Every surface is grind-able
Since Eve and Adam got kicked out of Eden, architects have taken on the extra burden; not only of designing structures essential to our shelter, but also of attempting to recreate the original Utopian state, when all was ease and abundance. Idealised planning systems such as Walt Disney’s EPCOT ‘Experimental Prototype Community of Tomorrow’ Centre or Le Corbusier’s ‘Plan Voisin’ have generally fallen out of favour, but French Architect Francois Perrin is still pushing for his own perfect world.
“Groups like Superstudio in Italy, Archigram in England, Haus Rucker in Austria and Ant Farm in the USA dreamed of the future, but could never make it happen at the time because it was too early and visionary. But maybe we are living in part of it today through our immaterial connection to the world,” says Perrin, who studied in Paris, but has been based in LA (a city built on dreams) for almost two decades.
“The first architectural book I bought was on Frank Lloyd Wright’s California projects,” he says. “I remember seeing a picture of Frank Gehry’s own house in Santa Monica, and something clicked in my head.” An active surfer and skater, Perrin’s own pivotal contribution is ‘PAS Skate House’ – the dream home of anyone who wants to ollie-at-all-hours. Commissioned by founder and CEO of Etnies Pierre Andre Senizergues on the occasion of the company’s 25th anniversary and built in collaboration the designer (and fellow skater) Gil Lebon Delapointe, it was part of a project for exhibition on skate culture “Public Domain” at La Gaite Lyrique in Paris in 2011.
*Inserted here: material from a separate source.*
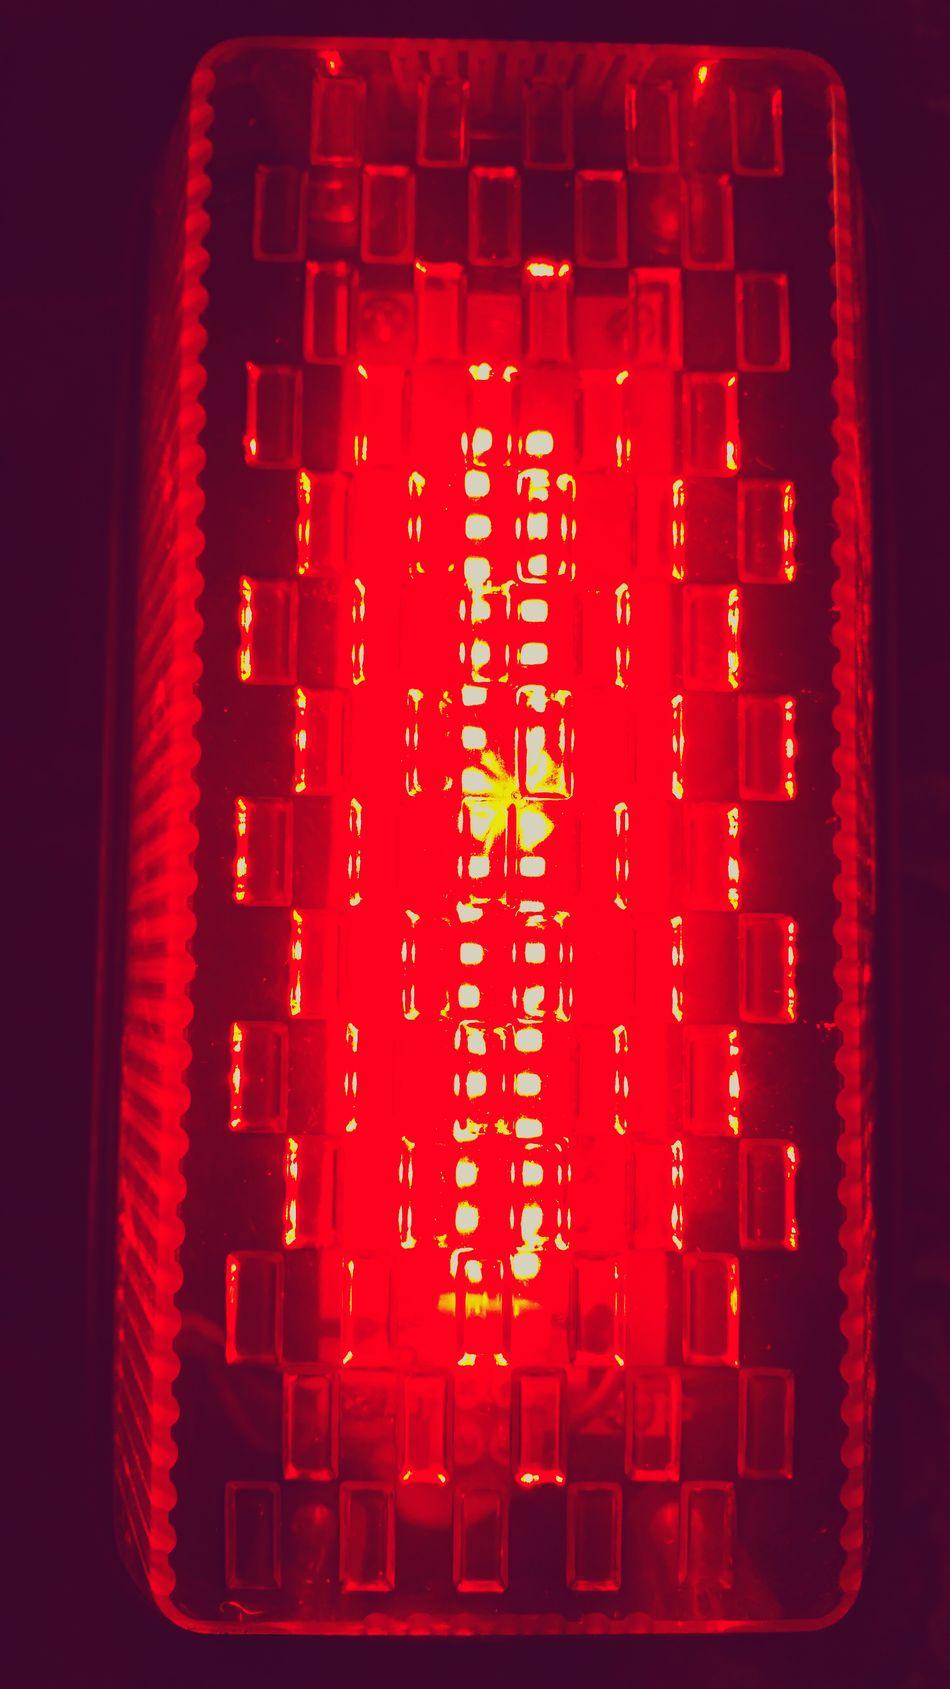 Red Light Lamp Red Light Shining Bright Colour Deep Red Red Warning Light Brake Light

“At first they wanted to just present images and models but I pushed them to build a full scale prototype so the pro-skaters and legends present during the exhibition could see it and try it too.” Each surface was chosen for durability and both exterior and interior walls are curved, skate-able surfaces, making the house – designed to be built in Malibu – a fluid, tube-like Moebius loop.
Perrin’s other structures in LA are based around the idea of ‘Air Architecture’, a term he takes from the writing of the artist Yves Klein, who “wanted to create an invisible/immaterial architecture that would create the perfect climate through the use of natural elements like air, fire and water.” Perrin doesn’t use aircon in his projects, instead ensuring the structures “merge with their surrounding landscape and have a constant interaction with the elements.” For his California Bungalow in Venice, he decided to “create a radical extension by slashing the back of the house creating a new volume and using materials that would respond more to the orientation of the house and its relationship with the elements.”
For his latest project, he’s building a ‘Cloudgarden’ for a Beverly Hills house formerly owned by legendary Hollywood director Billy Wilder: “One of the oldest structures in the city, it was built in 1913. The project was expanded 50 years later by a mid-century modern addition. So, another 50 years later, I created a grid as a third layer that would exist on its own, but also connect to the existing elements.”